A few days later, two guys arrived at our house in a pickup and unpacked the legendary power appliance cart.

It didn’t look much different than a normal cart, but I had faith.

We went to the basement and assessed the situation.

“This should be a snap for the three of us and that power cart,” I said.

“After all, the furnace weighs only 300 pounds.”

The guys tried to scoot the furnace from the spot where it had sat all those years. This required a mighty and unified shove from the two of them.

Skepticism was expressed regarding the furnace’s weight.

The bottom of the furnace was a rancid mass of rusted metal, so it was decided that it should be hauled out upside down.

Its flue pipe thus had to be chopped off so the power hand truck could obtain proper purchase.

I had always assumed that the flue was steel, but it was apparently some unbelievably hard substance such as titanium embedded with diamonds.

Cutting it required several Sawzall blades and a great deal of lubricative cursing.

The furnace was eventually strapped to the power cart and pointed up the stairs. One of the guys manhandled the handle of the cart while the other guy and I put our shoulders to the furnace from below.

We quickly learned that the power cart was pretty much powerless when moving extremely massive and bulky objects.

Each time the cart’s wheels were ratcheted upward to grab the next step, the HVAC guy and I had to hold the furnace’s full weight lest it tumble downwards and turn us into human pancakes.

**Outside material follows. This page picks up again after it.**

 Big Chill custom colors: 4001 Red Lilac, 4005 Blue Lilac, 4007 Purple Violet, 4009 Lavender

After ascending the first step, we concluded the furnace weighed at least a quarter of a ton. A few steps later, its weight had soared to 1,000 pounds.

By the time we got to the top of the stairs, the furnace’s weight had increased to a full metric ton.

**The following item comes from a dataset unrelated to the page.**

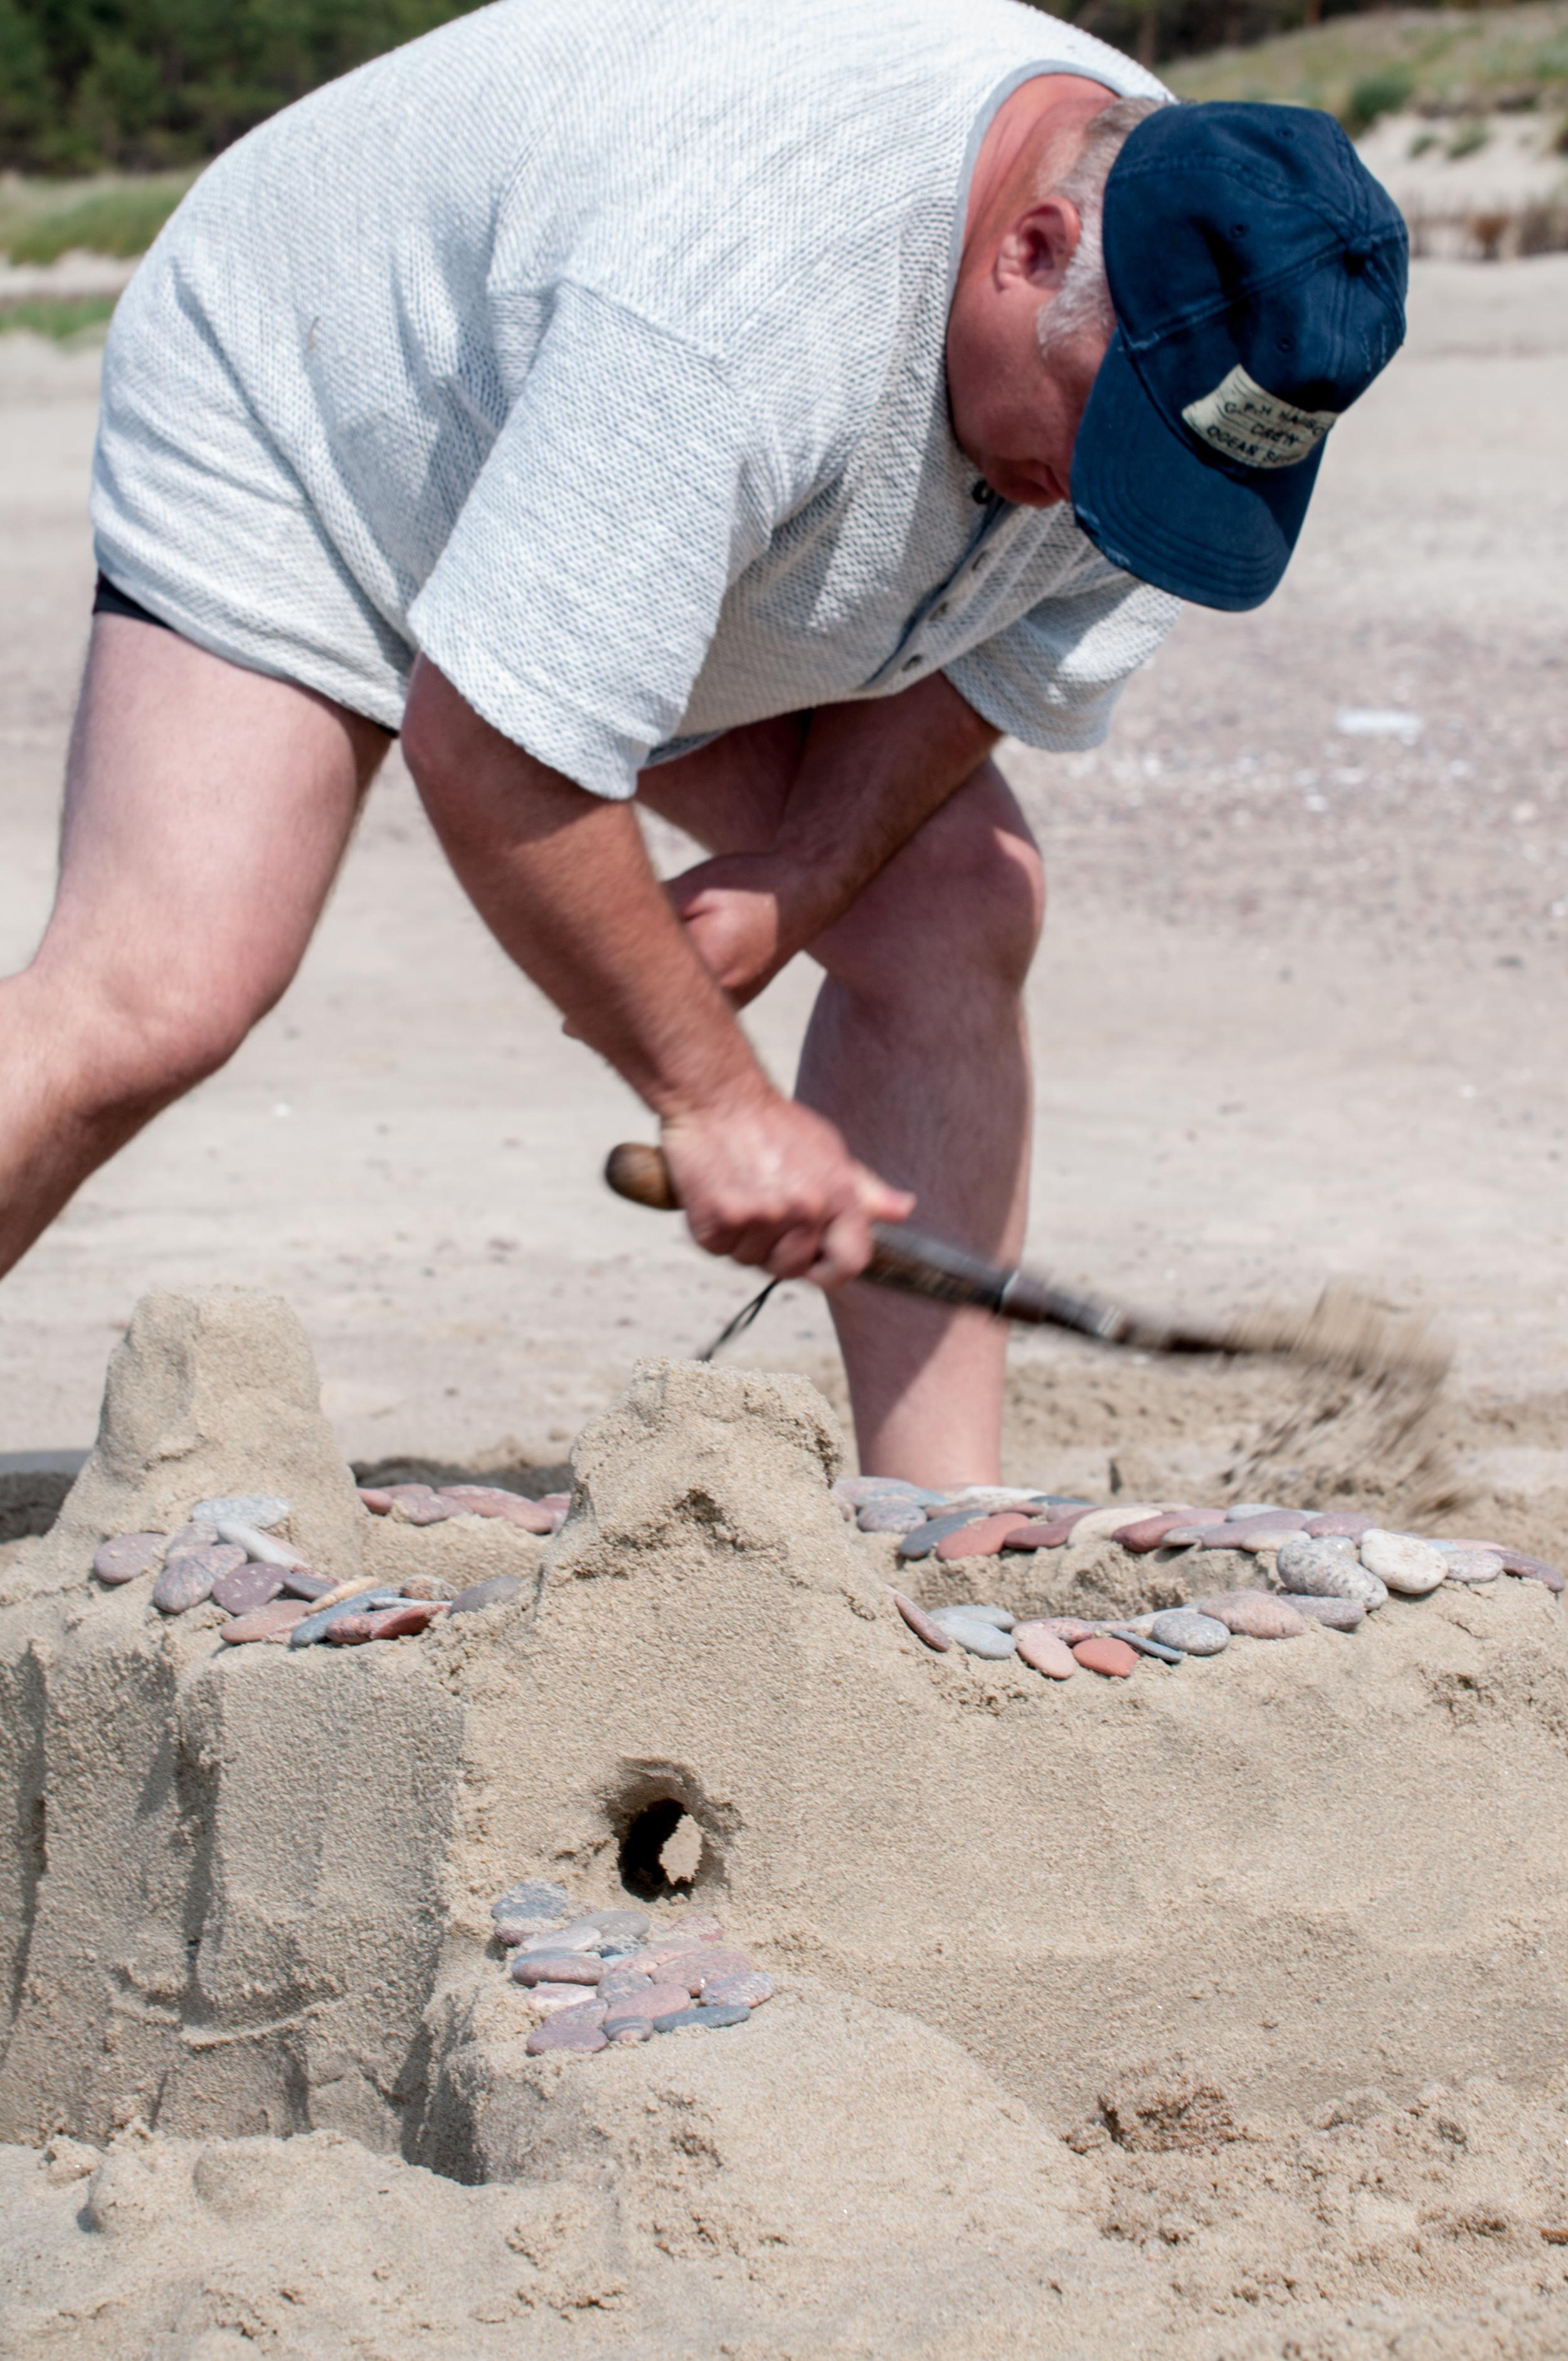 Man building a Castel - 140610 - DSC_1337-4.JPG

Veins bulged and sweat ran as we grunted beneath the ever-increasing load. At one point the HVAC guy asked me, “You OK?”

“Never better. Just give me a second to pop this eyeball back in.”

We finally got the old furnace loaded onto their pickup. I don’t know what this dead simple job will cost, but the HVAC company probably owes me.

After all, they got more than two tons of scrap iron in the deal.